Sustained economic development around the world is accelerating resource depletion. Research and development of secondary batteries that can replace them is also being actively conducted. Secondary batteries are emerging as a key technology for carbon neutrality. The core of an electric vehicle is the battery (secondary battery). Therefore, in this study, the temperature change by the heat source of the hammer and the rotational speed (rpm) of the abrasive disc of the Classifier Separator Mill (CSM) was repeatedly calculated and analyzed using the heat flow simulation STAR-CCM+. As the rotational speed (rpm) of the abrasive disk increases, the convergence condition of the iteration increases. Under the condition that the inlet speed of the Classifier Separator Mill (CSM) and the heat source value of the disc hammer are the same, the disc rotation speed (rpm) and the hammer temperature are inversely proportional.
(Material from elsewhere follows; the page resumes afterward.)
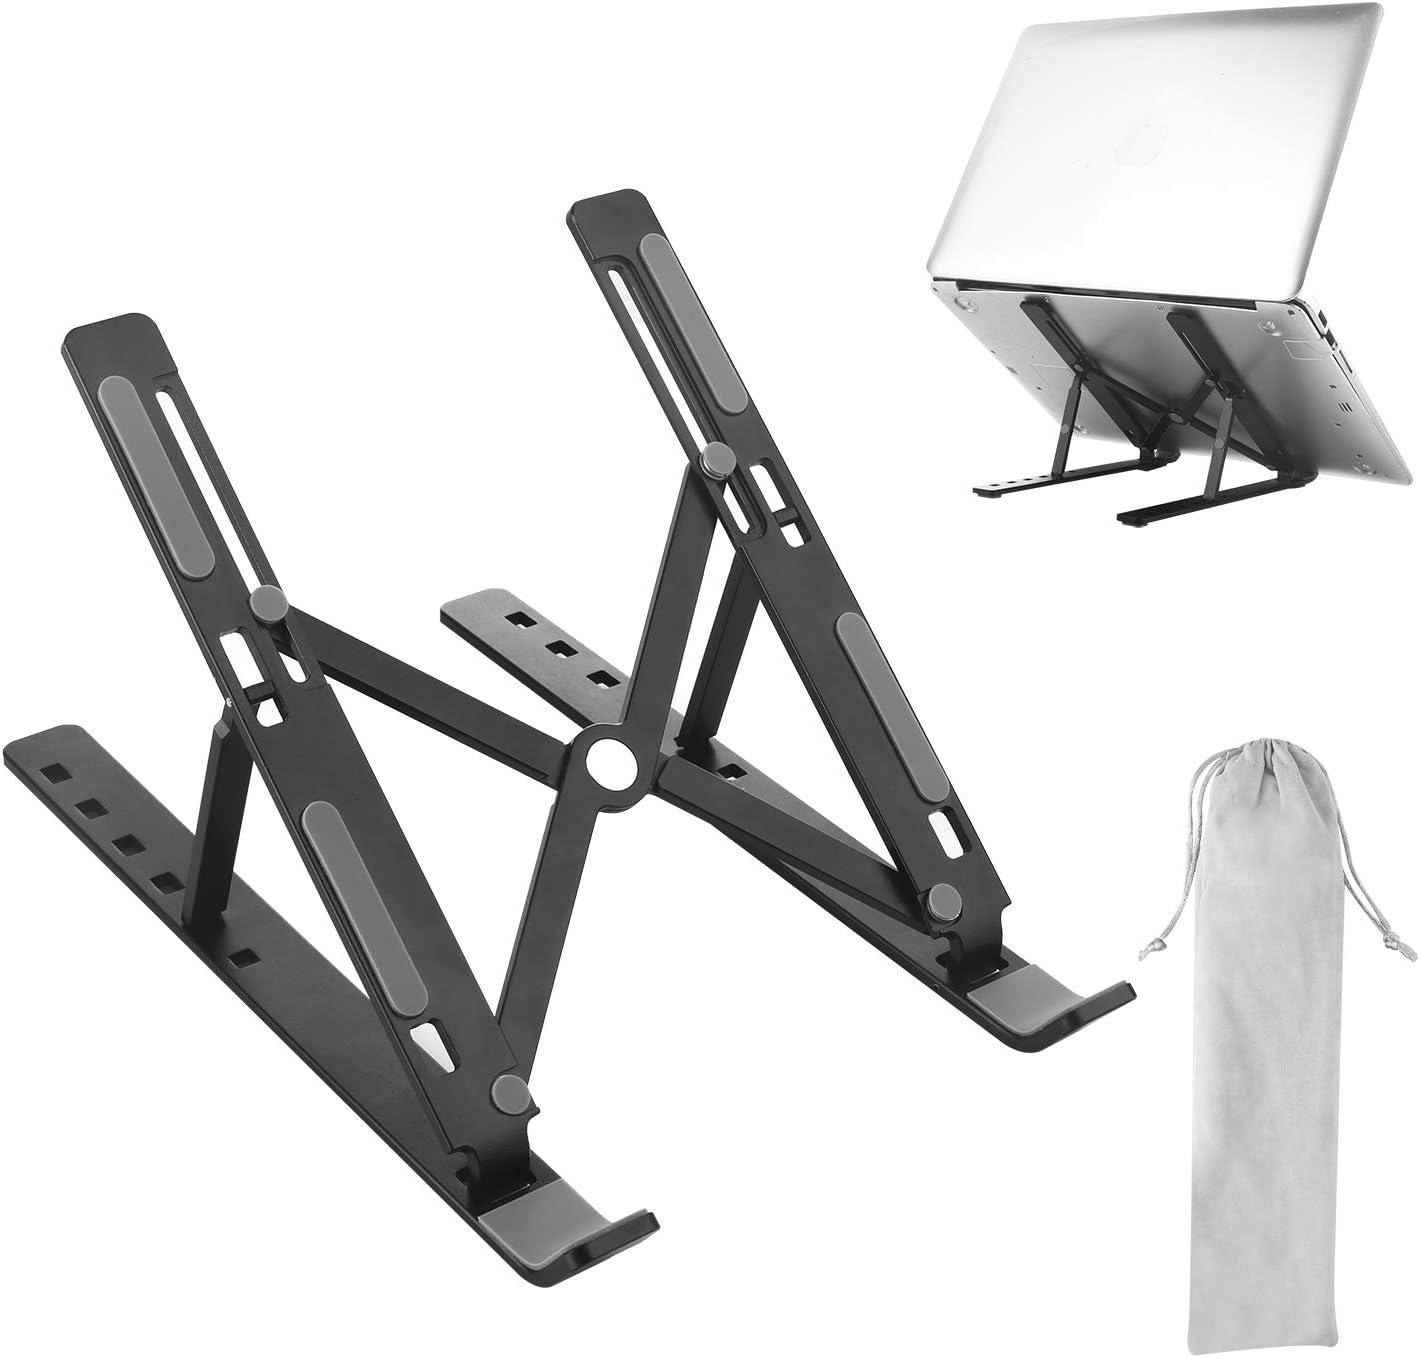 Laptop Stand Pliable Ventil/é en Aluminium R/églable SHYOSUCCE Support de Ordinateur Portable Support PC Ergonomique
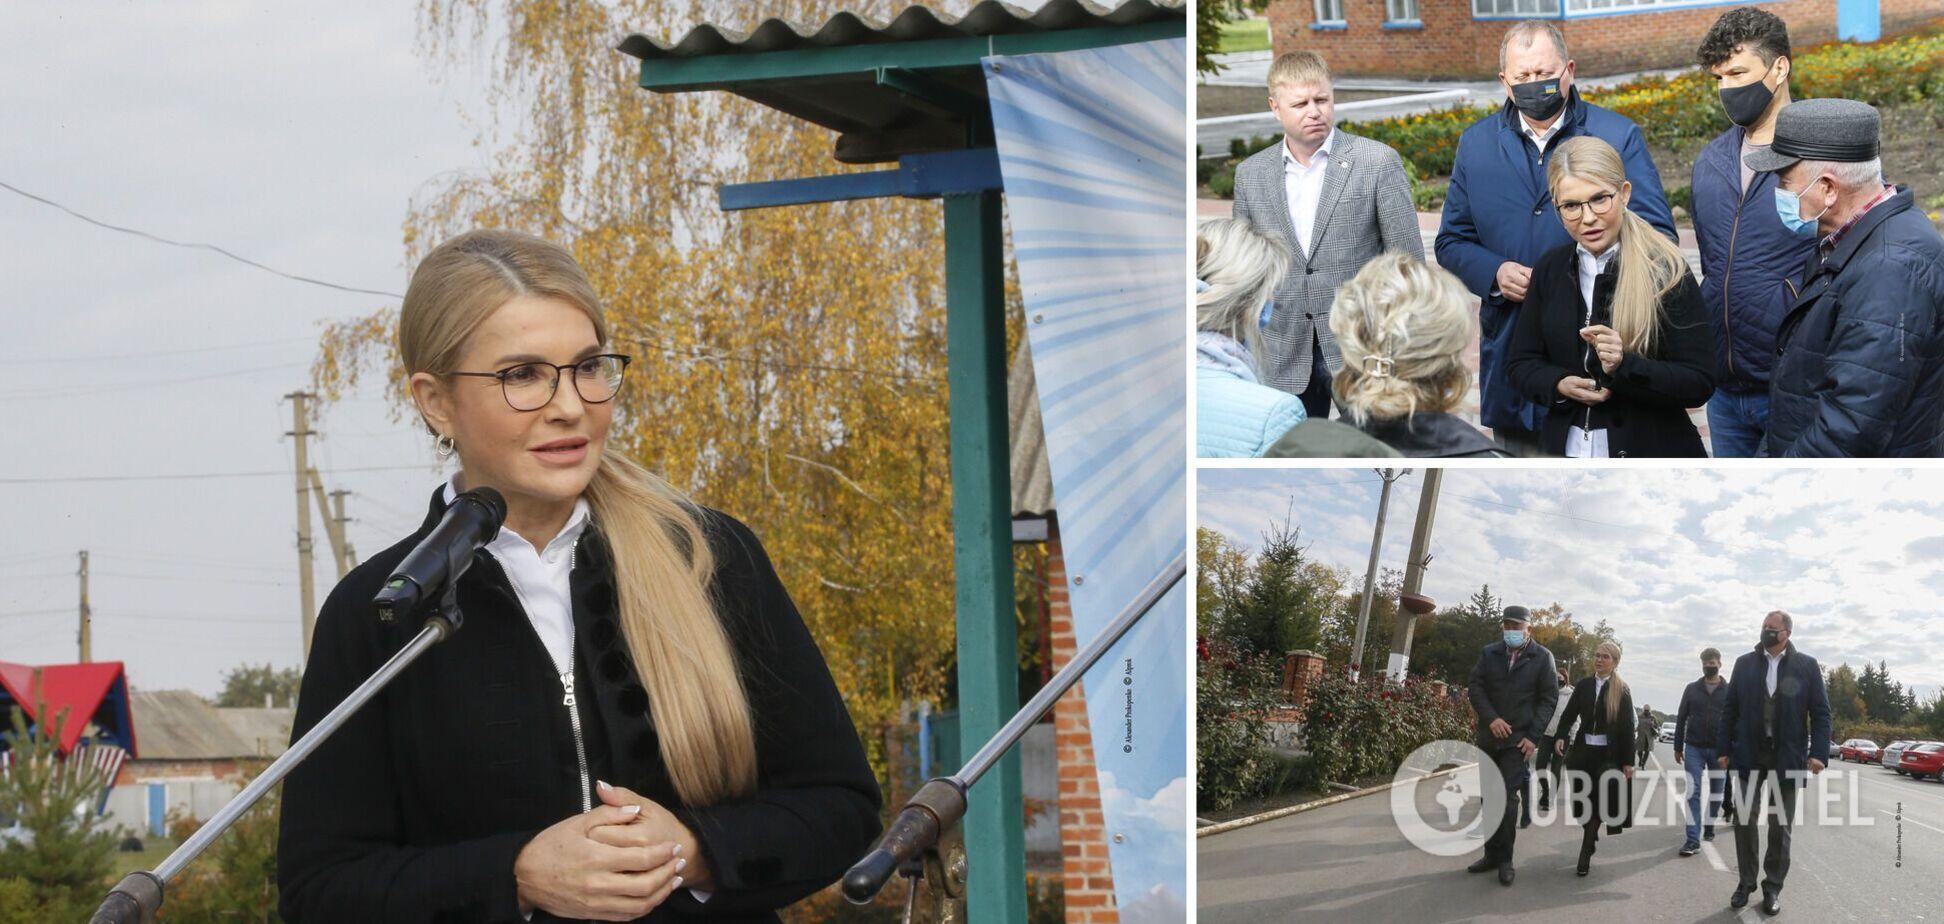 Тимошенко провела брифинг в Тростянце по итогам встреч с мэрами нескольких городов Сумщины

As the rotational speed (rpm) of the disc increases, the hammer temperature decreases. However, since the wear rate of the secondary battery material increases due to the strong impact of the crushing rotational force, it is determined that an appropriate rpm setting is necessary. In CSM (Classifier Separator Mill), it is judged that the flow rate difference is not significantly different in the direction of the pressure outlet (Outlet 1) right above the classifier wheel with the fastest flow rate. Because the disc and hammer attachment technology is adhesive, the attachment point may deform when the temperature of the hammer rises. Therefore, it is considered necessary to develop high-performance adhesives and other adhesive technologies.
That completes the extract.